Please restate each line of the material word for word and omit any pictures.

Provided material
- - -
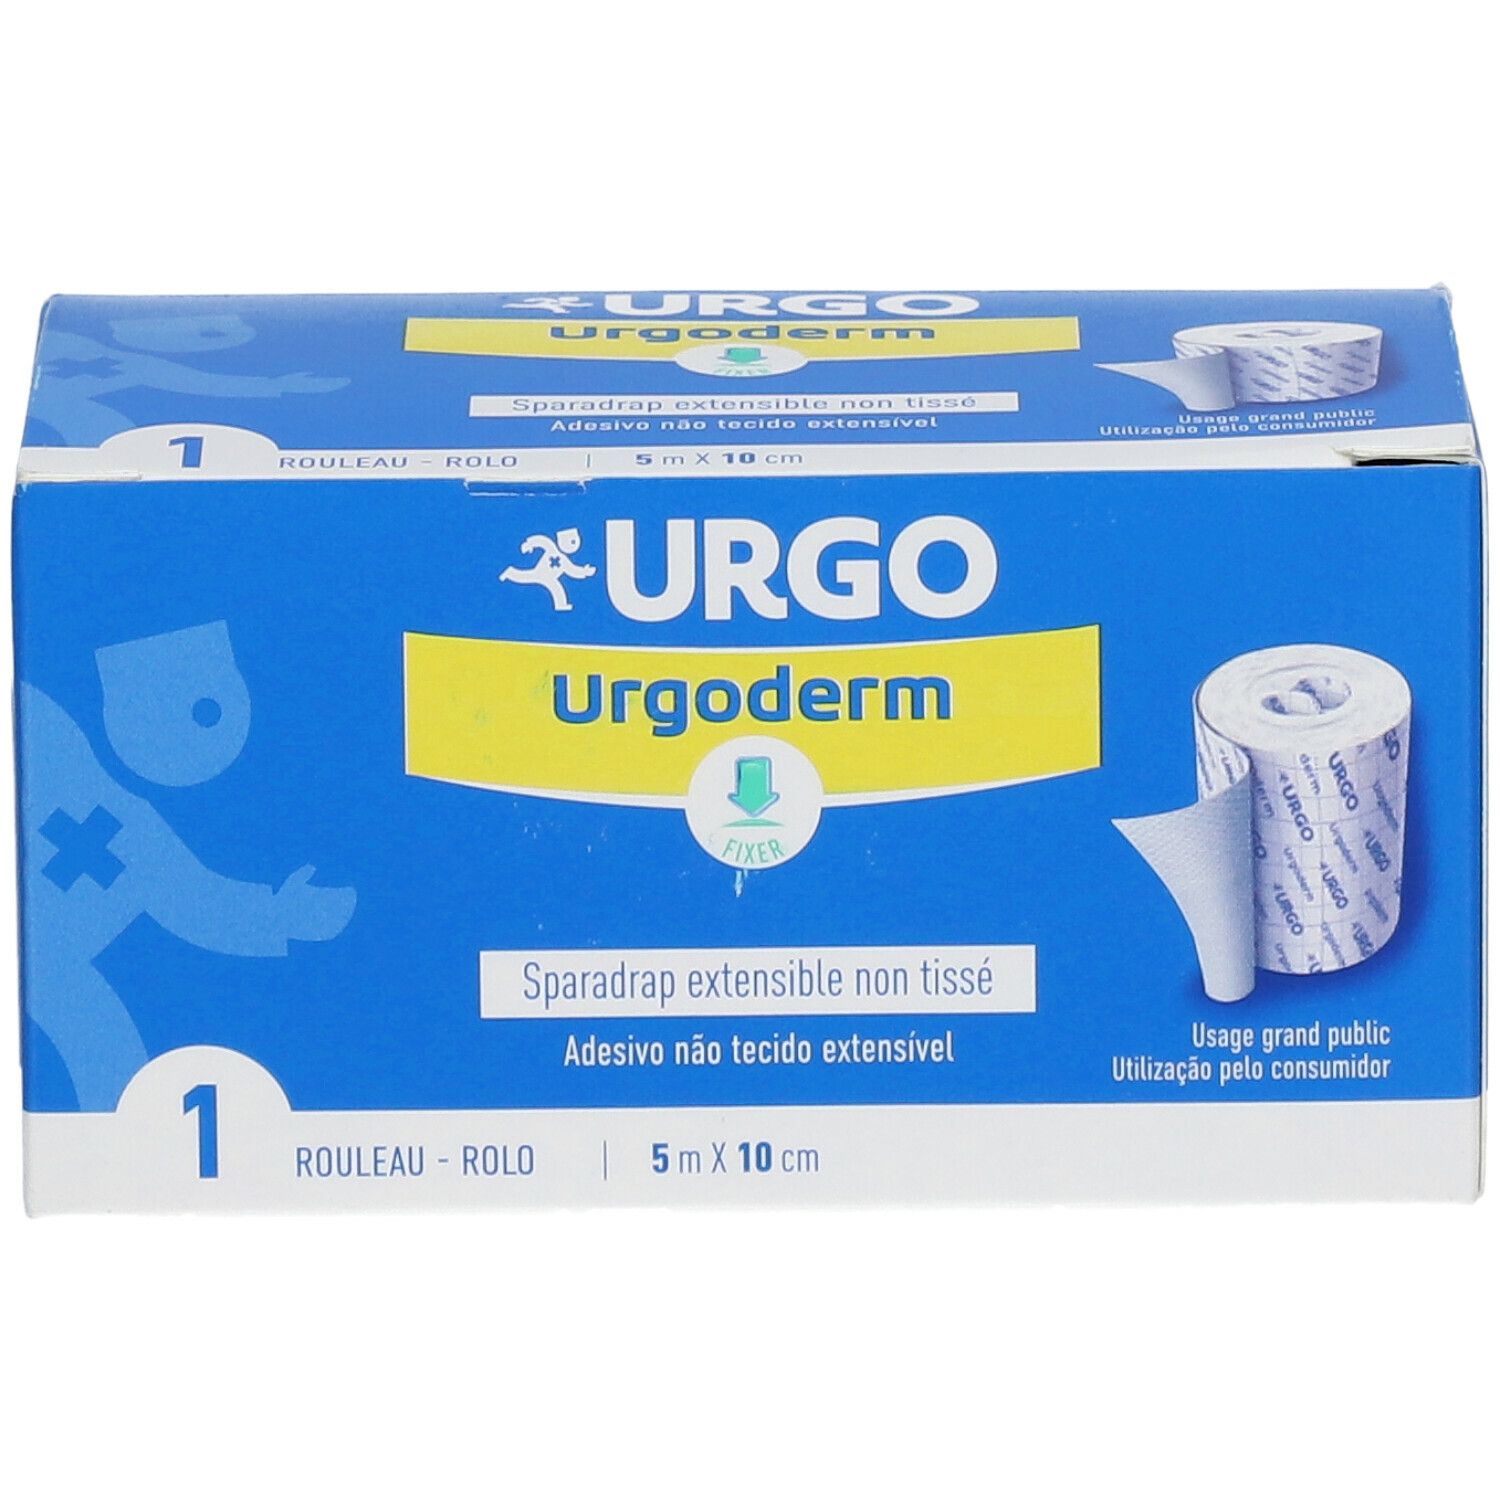 URGO Urgoderm Sparadrap non tissé extensible 5 m x 10 cm 1 pc(s) - Redcare  Pharmacie
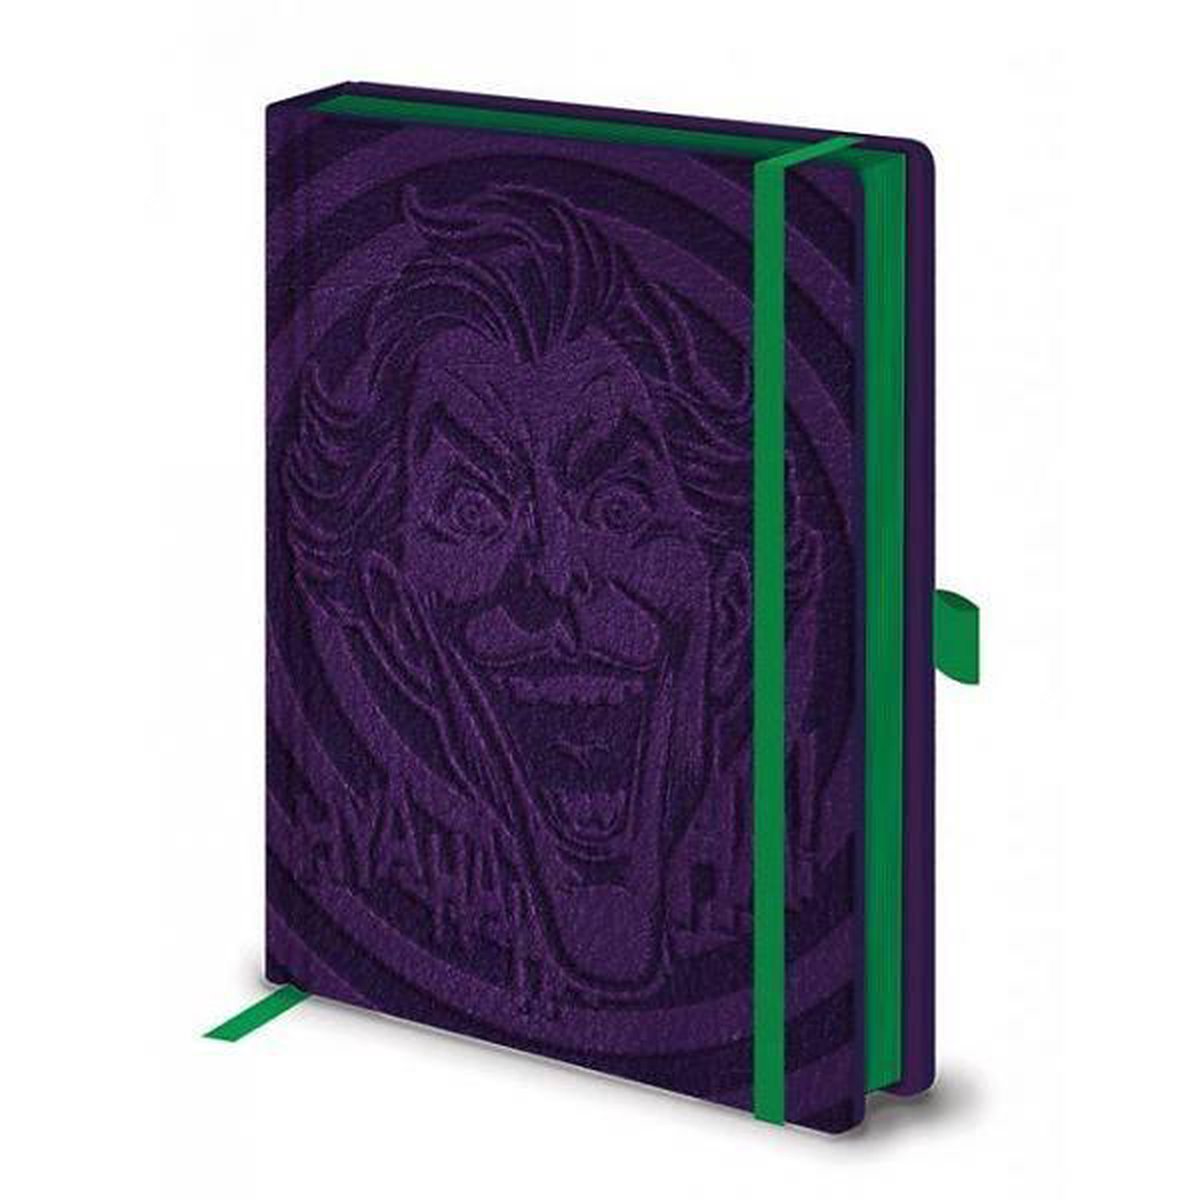 The joker HaHaHa - Premium A5 Notitieboek
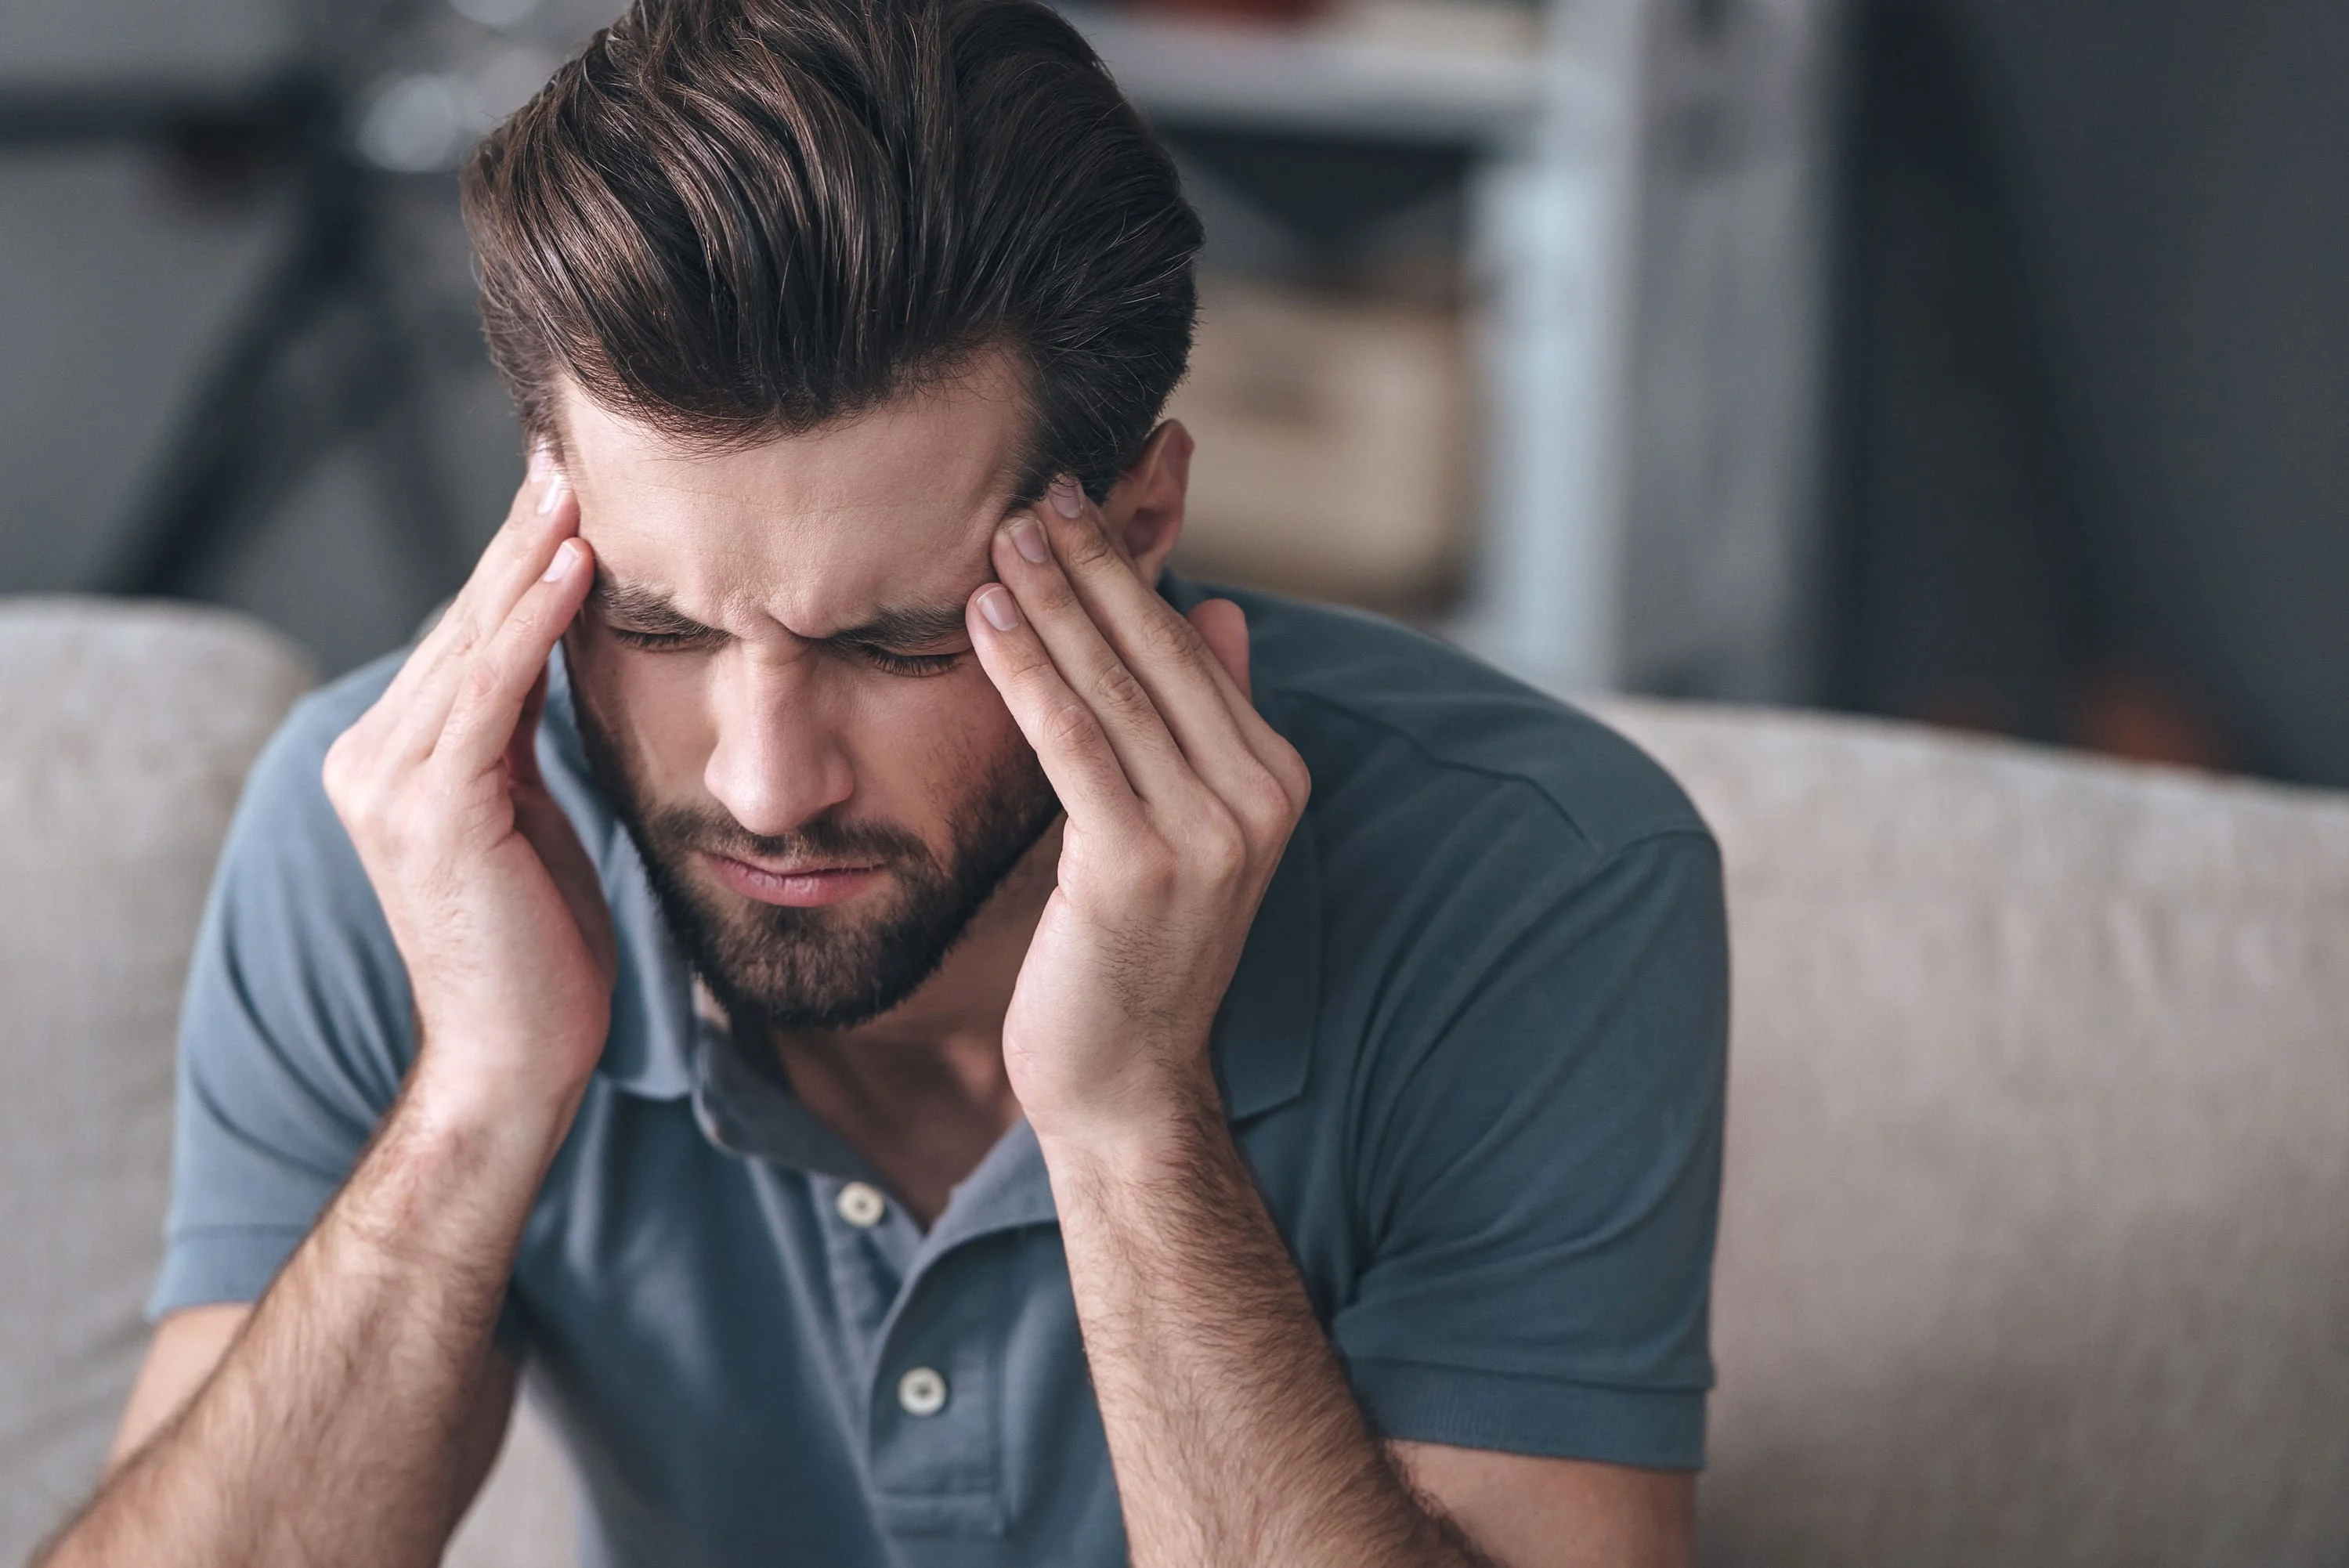 Headaches and Migraine Treatment in Birmingham
- - -
Response to the exercise
 URGO Urgoderm Sparadrap non tissé extensible 5 m x 10 cm 1 pc(s) - Redcare  Pharmacie
 The joker HaHaHa - Premium A5 Notitieboek
 Headaches and Migraine Treatment in Birmingham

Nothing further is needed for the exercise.